Exact reproduction required: the lines below from the line with "Drone Them Out- Reaper" to the line with "Gobrecht & Ulrich", both ends included, and no others.

→ Material shown:
###
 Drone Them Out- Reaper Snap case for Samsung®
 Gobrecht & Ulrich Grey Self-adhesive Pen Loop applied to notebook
###
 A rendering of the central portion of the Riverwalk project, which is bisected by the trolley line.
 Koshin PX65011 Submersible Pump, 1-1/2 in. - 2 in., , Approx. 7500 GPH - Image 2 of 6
###
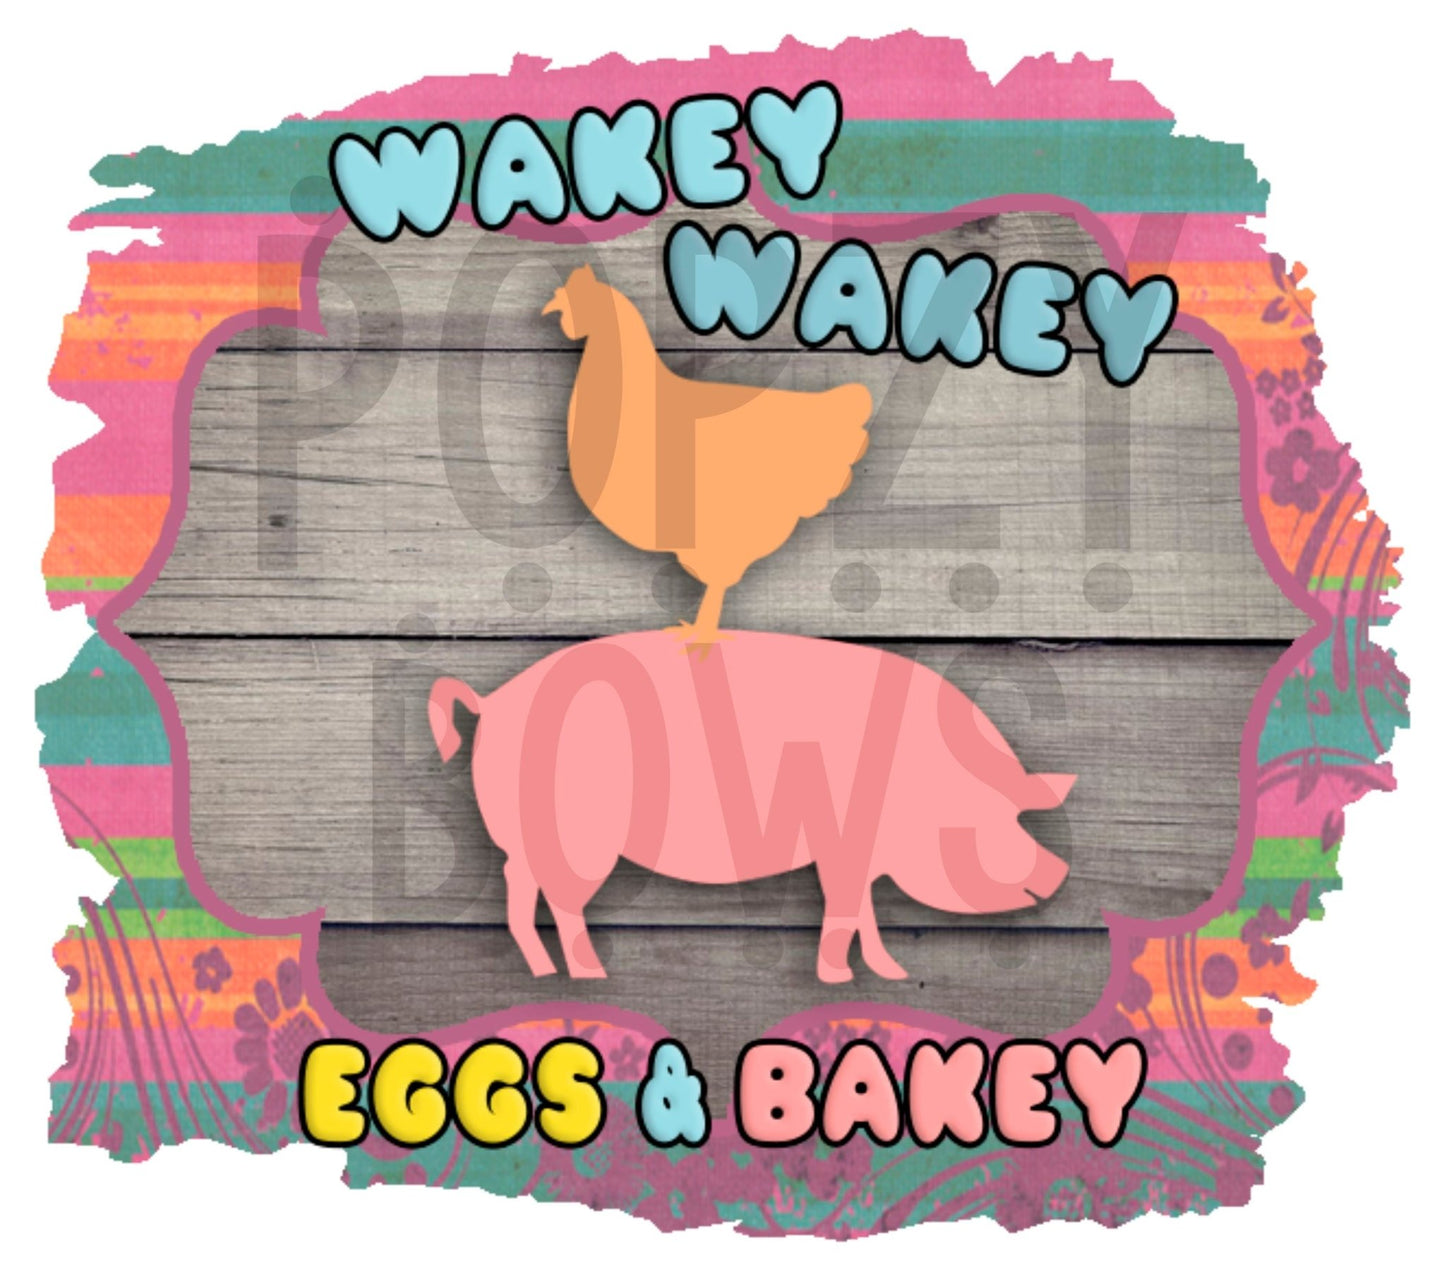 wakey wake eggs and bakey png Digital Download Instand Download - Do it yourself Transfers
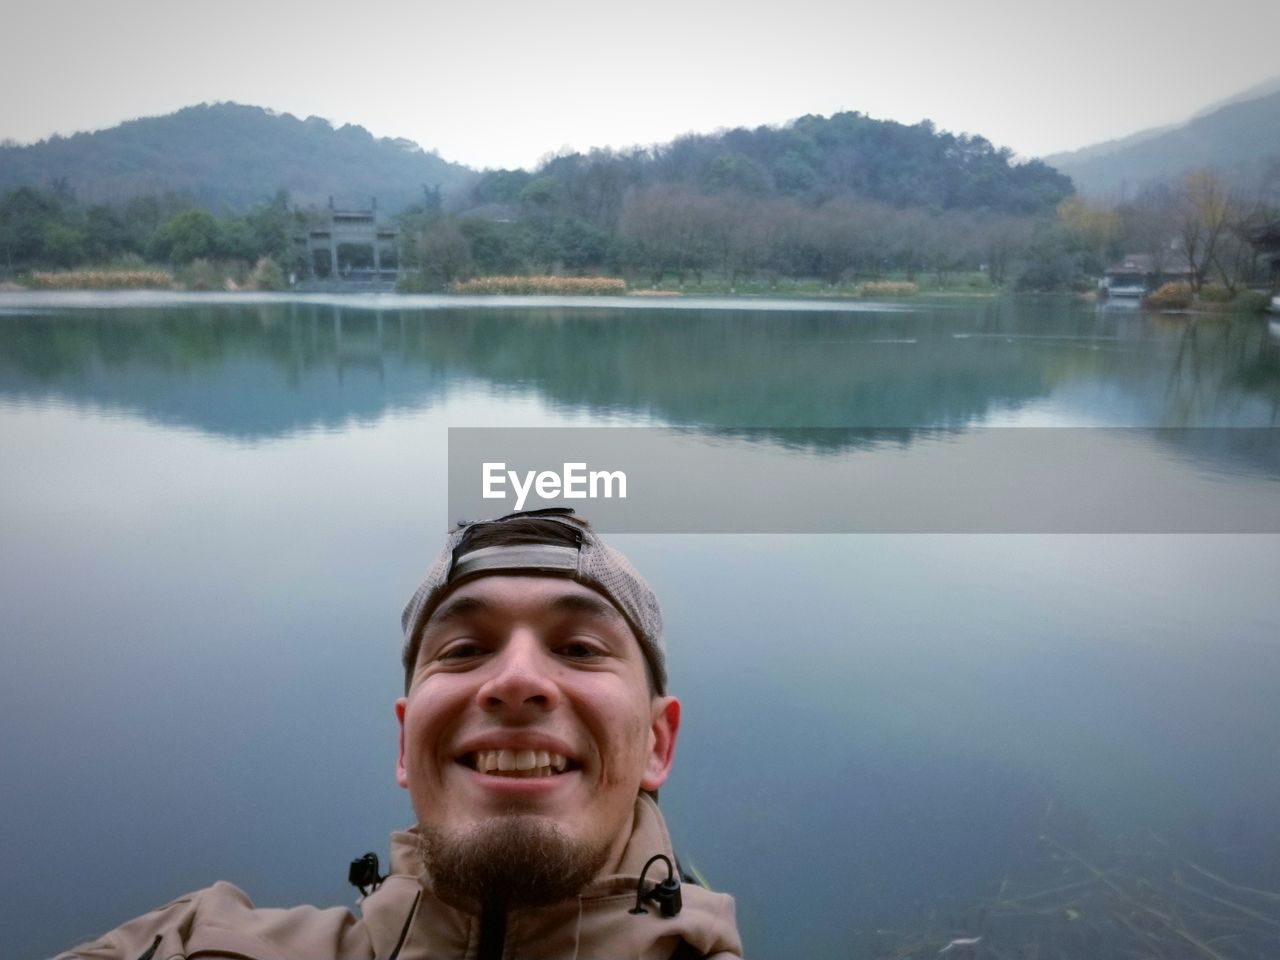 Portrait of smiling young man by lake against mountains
###
→ Exercise result:
 Drone Them Out- Reaper Snap case for Samsung®
 Gobrecht & Ulrich Grey Self-adhesive Pen Loop applied to notebook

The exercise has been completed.